The impact of the NDPA on consumers

The Nebraska Data Privacy Act (NDPA) positively impacts consumers by enhancing their privacy and control over personal data. Key impacts include:

Empowered rights

  • Consumers can access, correct, delete, and obtain a copy of their personal data.
  • Opt-out options allow consumers to reject data sales, targeted advertising, and profiling.

Enhanced privacy protections

  • Explicit consent is required for processing sensitive data, such as health, biometric, or precise location information.
  • Transparency rules inform consumers about how their data is collected, used, and shared.
  • Security requirements reduce the risks of data breaches and misuse.

Increased consumer awareness

  • Businesses are more accountable, giving consumers confidence in data handling practices.
  • Privacy notices and rights mechanisms educate consumers about their data and options.

Limitations

  • No private right of action means consumers rely on the Nebraska Attorney General for enforcement.
  • Exemptions for small businesses and nonprofits may limit the law’s application.

Overall, the NDPA empowers consumers with stronger rights and protections while encouraging responsible data practices by businesses.

How the NDPA compares to other U.S. data privacy laws

The Nebraska Data Privacy Act (NDPA) shares significant similarities with several other U.S. state data privacy laws, particularly the Virginia Consumer Data Protection Act (VCDPA) and Colorado Privacy Act (CPA).
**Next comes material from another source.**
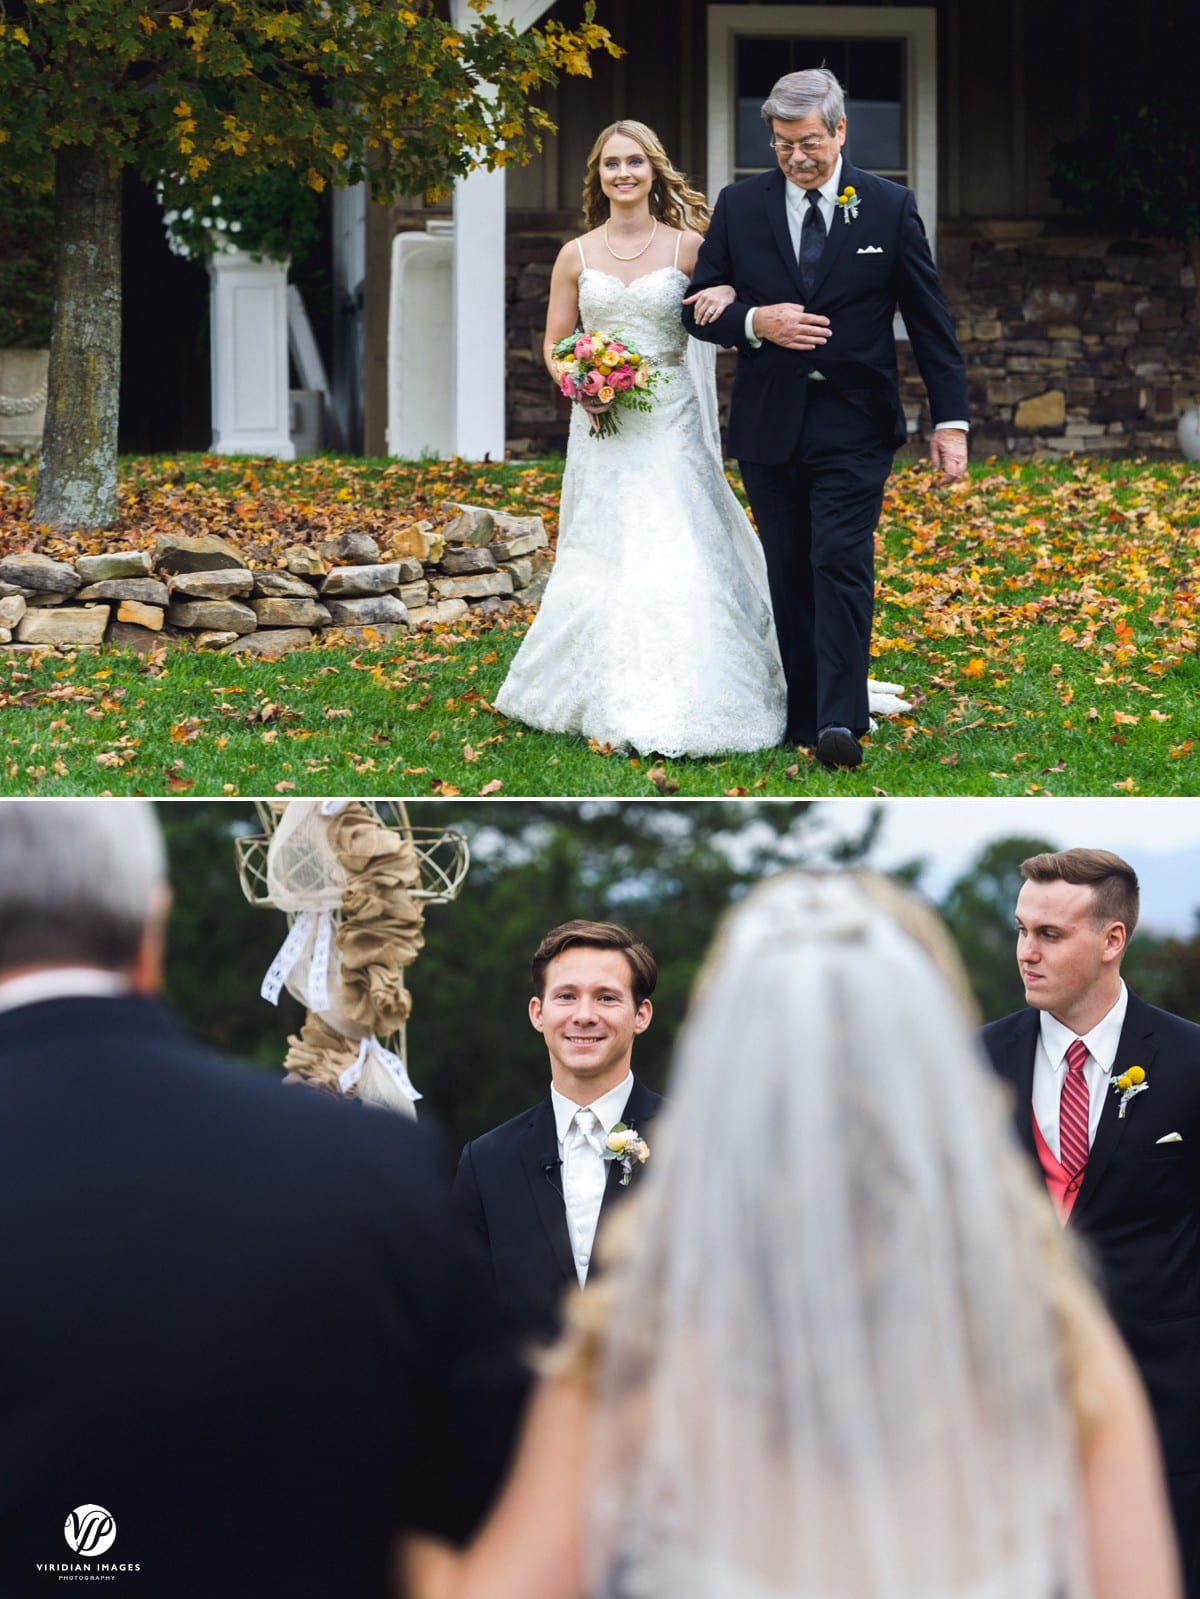 Bride and father walking down aisle Walnut Hill Farm Dalton GA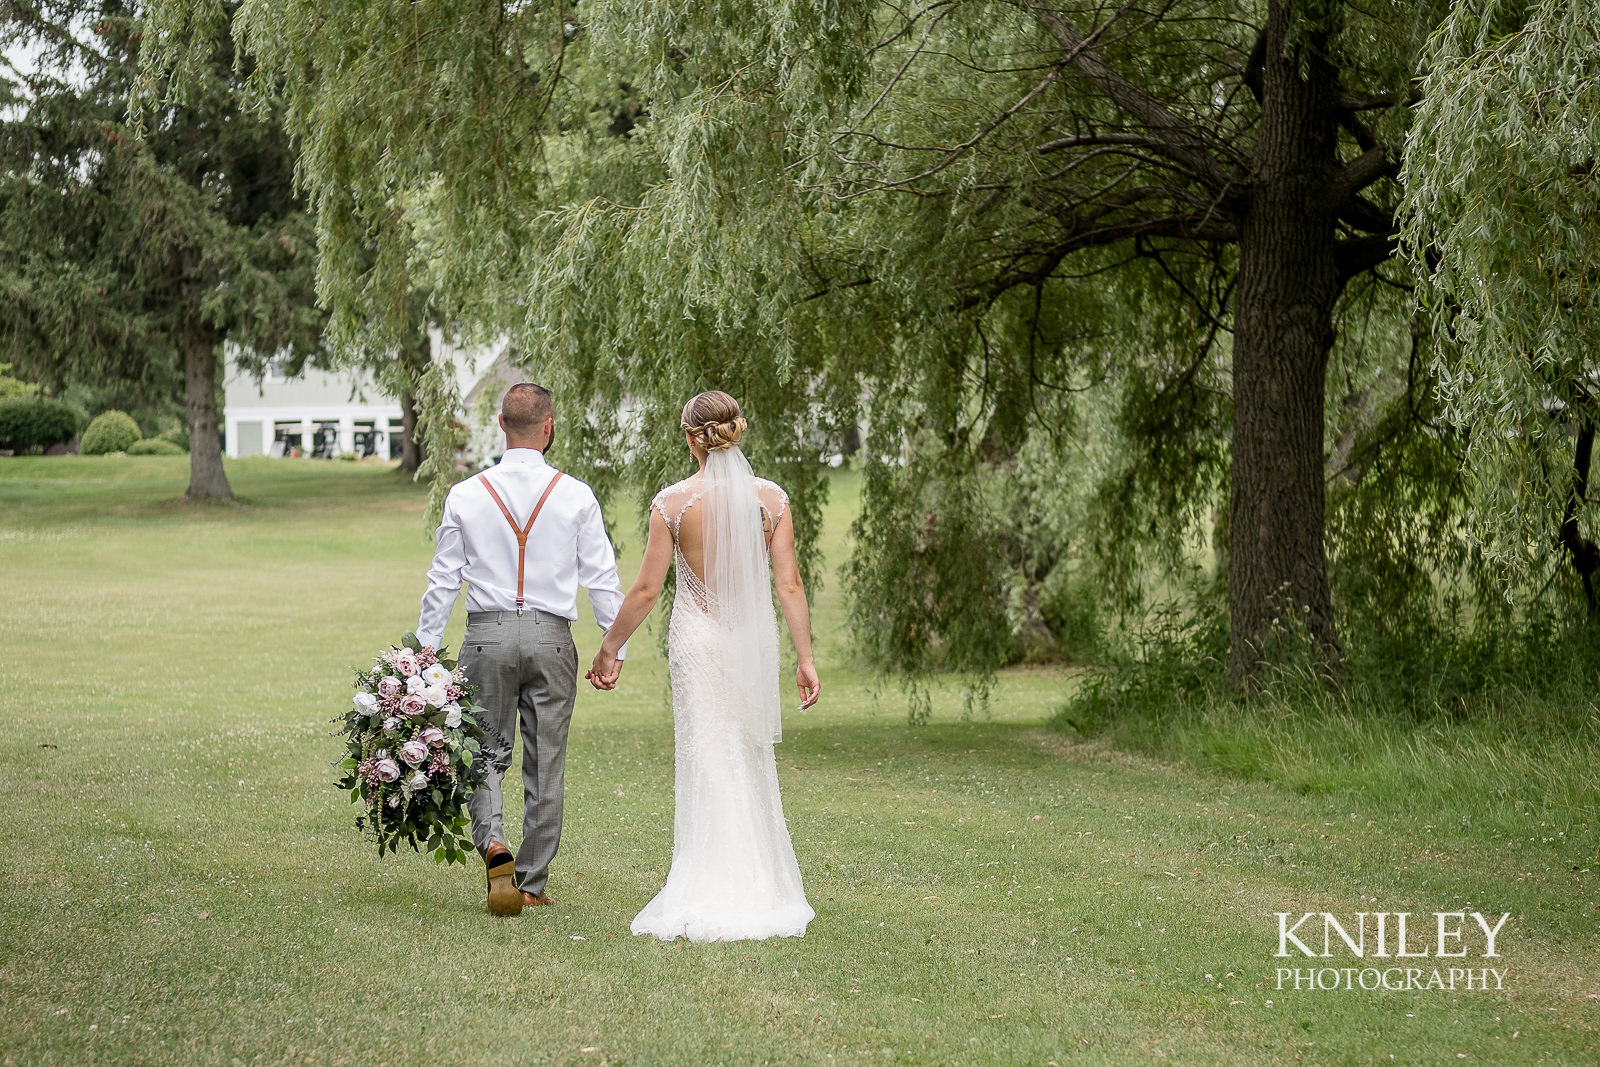 074 - Ontario Golf Club Wedding Pictures - XT2A6971.jpg

These laws, like the NDPA, align on key principles inspired by the EU’s General Data Protection Regulation (GDPR) and emphasize consumer rights, data protection, and accountability for businesses.

State Scope Effective Date Key Features Penalties for Non-Compliance
Nebraska (NDPA) Nebraska residents January 1, 2025 Consumer rights, data access, deletion, opt-out of targeted ads Up to $7,500 per violation
Connecticut (CTDPA) Connecticut residents July 1, 2023 Similar to GDPR; right to access and correct data $5,000 per violation
Colorado (CPA) Colorado residents July 1, 2023 Opt-out for targeted advertising; sensitive data consent Up to $20,000 per violation
California (CCPA/CPRA) California residents January 1, 2023 Right to access, delete, opt-out; data protection assessments Up to $7,500 per violation
Virginia (VCDPA) Virginia residents January 1, 2023 Opt-out rights, data protection assessments, consumer rights Up to $7,500 per violation
Texas (TDPSA) Texas residents July 1, 2024 Consumer rights, data protection, opt-out of data sales Up to $7,500 per violation
Oregon (OCPA) Oregon residents July 1, 2024 Strong consumer rights, opt-out options, data minimization Up to $7,500 per violation
Iowa (ICDPA) Iowa residents January 1, 2025 Data protection, opt-out of data sharing Up to $7,500 per violation
Minnesota (MCDPA) Minnesota residents July 31, 2025 Consumer data rights, opt-out options TBD
New Jersey (NJDPA) New Jersey residents January 15, 2025 Right to access, correct, delete data; opt-out of targeted advertising Up to $10,000 per violation

What makes the NDPA stand out?

The Nebraska Data Privacy Act (NDPA) is unique because of its broad applicability, setting it apart from many other state privacy laws. It applies to any business operating in Nebraska or offering products or services to Nebraska residents, regardless of the business's annual revenue, number of employees, or data processing volume.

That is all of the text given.